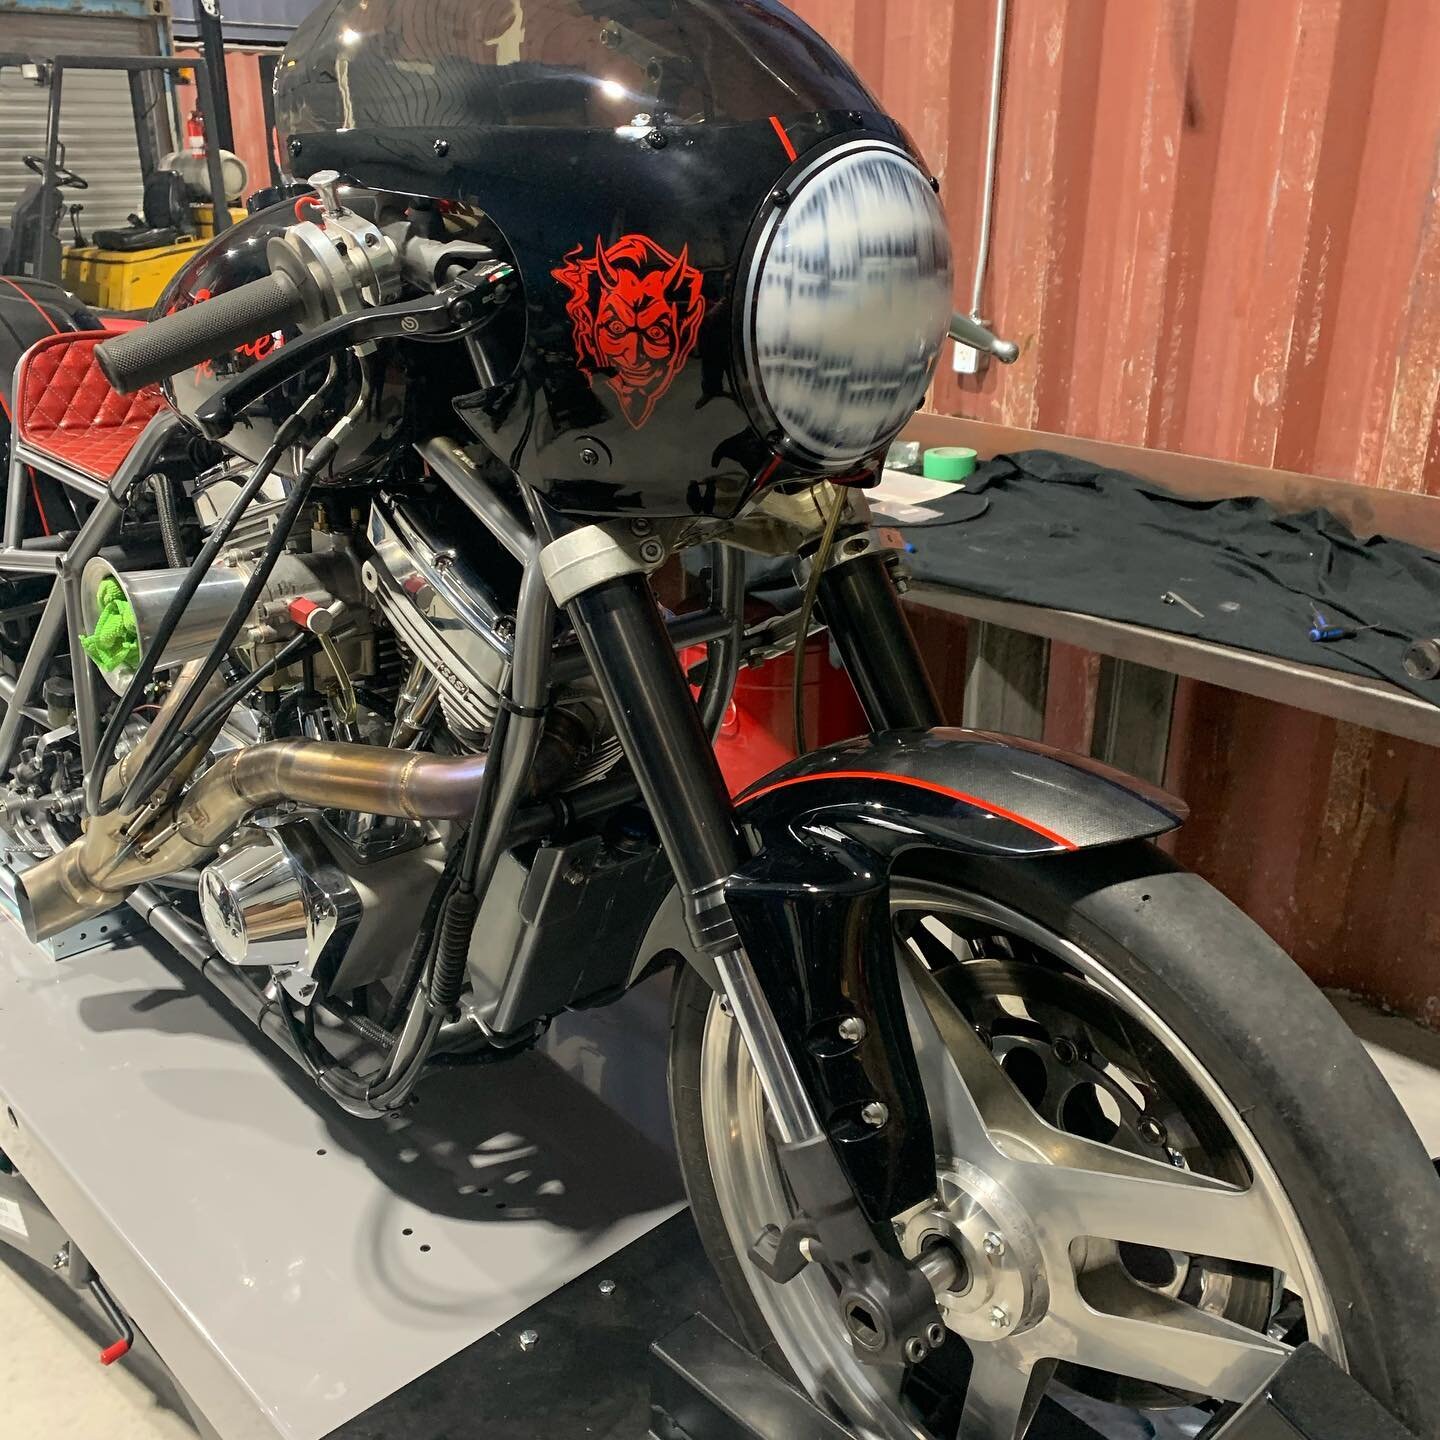 Drag Bike is now ready for testing with new Paint, upgraded frame and paint, new motor swap#S&amp;S motors#blackwidowcustompaint #bikedragracing #nhra
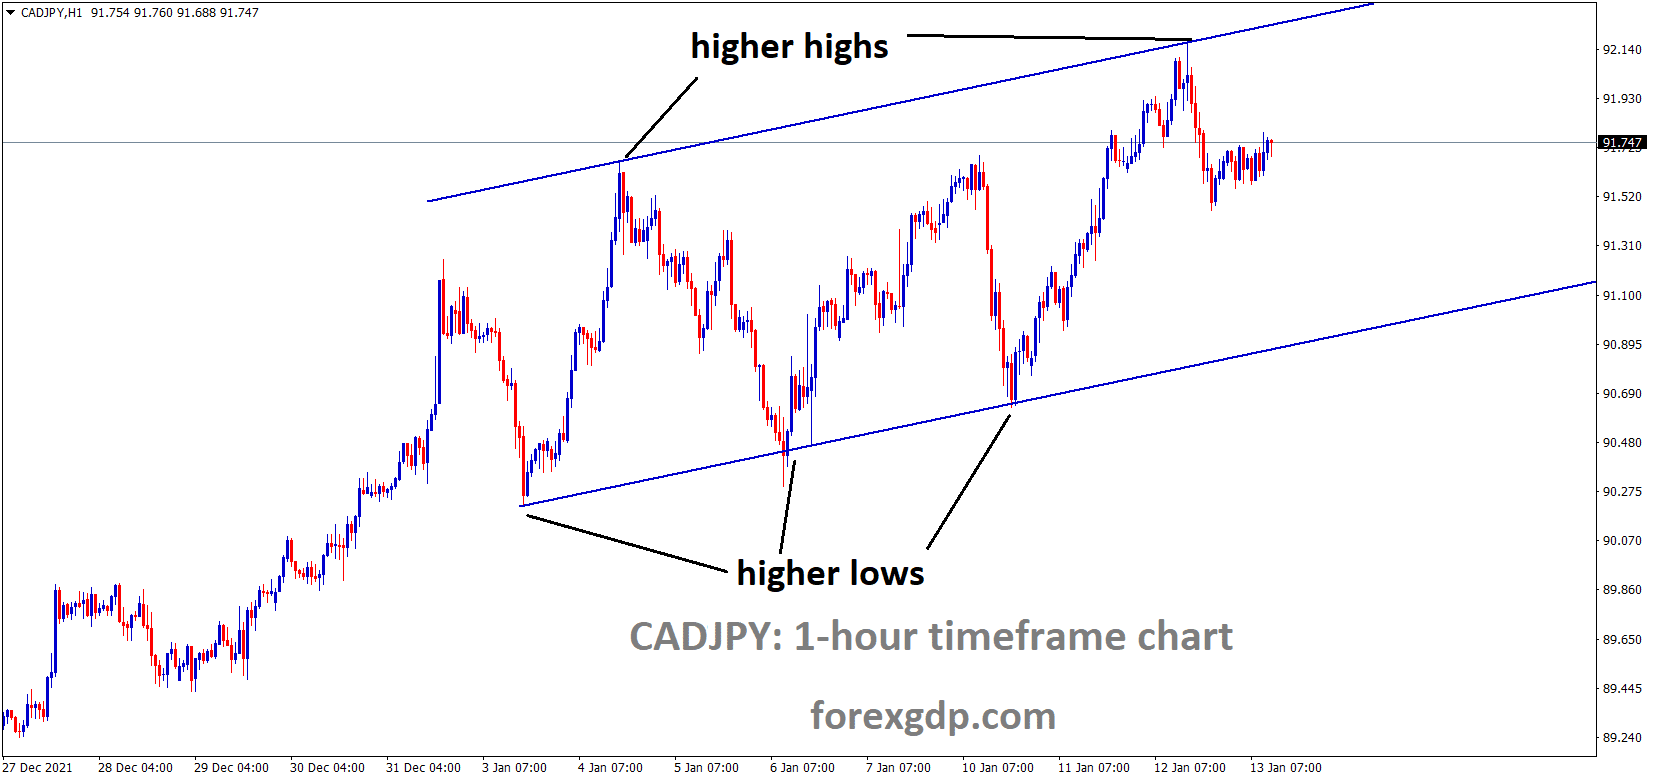 CADJPY is moving in an Ascending channel and the market has fallen from the higher high area of the Channel 1
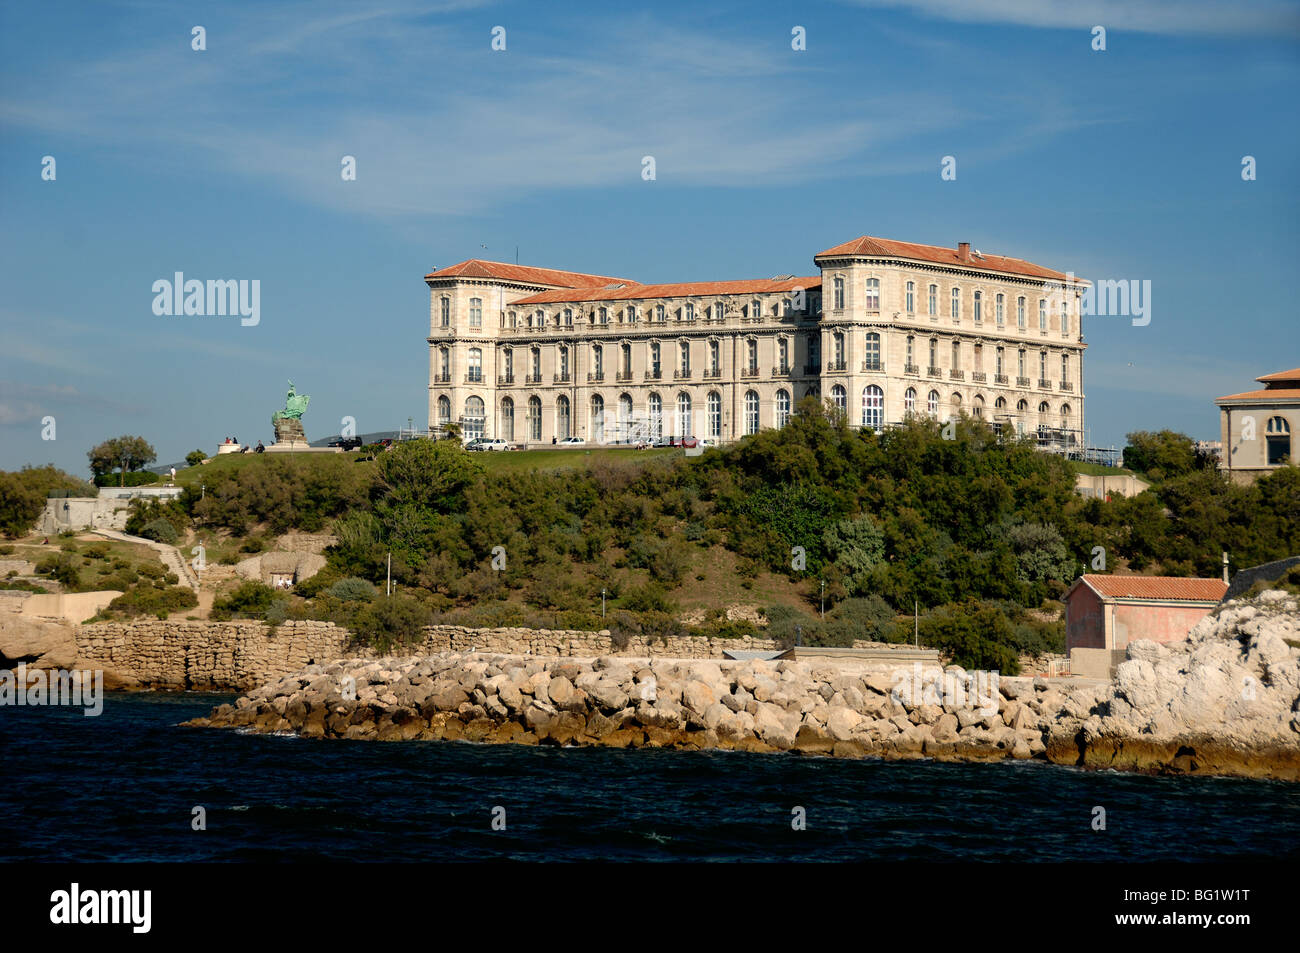 Palais du Pharo, or c19th Pharo Palace built by Napoléon III Overlooking the Old Port & Bay, Marseille or Marseilles, France Stock Photo

> **EXERCISE DIRECTIONS**:
In full and without error, repeat the listing above, omitting its images.

> **WRITTEN ANSWER**:
 Drag Bike is now ready for testing with new Paint, upgraded frame and paint, new motor swap#S&amp;S motors#blackwidowcustompaint #bikedragracing #nhra
 CADJPY is moving in an Ascending channel and the market has fallen from the higher high area of the Channel 1
 Palais du Pharo, or c19th Pharo Palace built by Napoléon III Overlooking the Old Port & Bay, Marseille or Marseilles, France Stock Photo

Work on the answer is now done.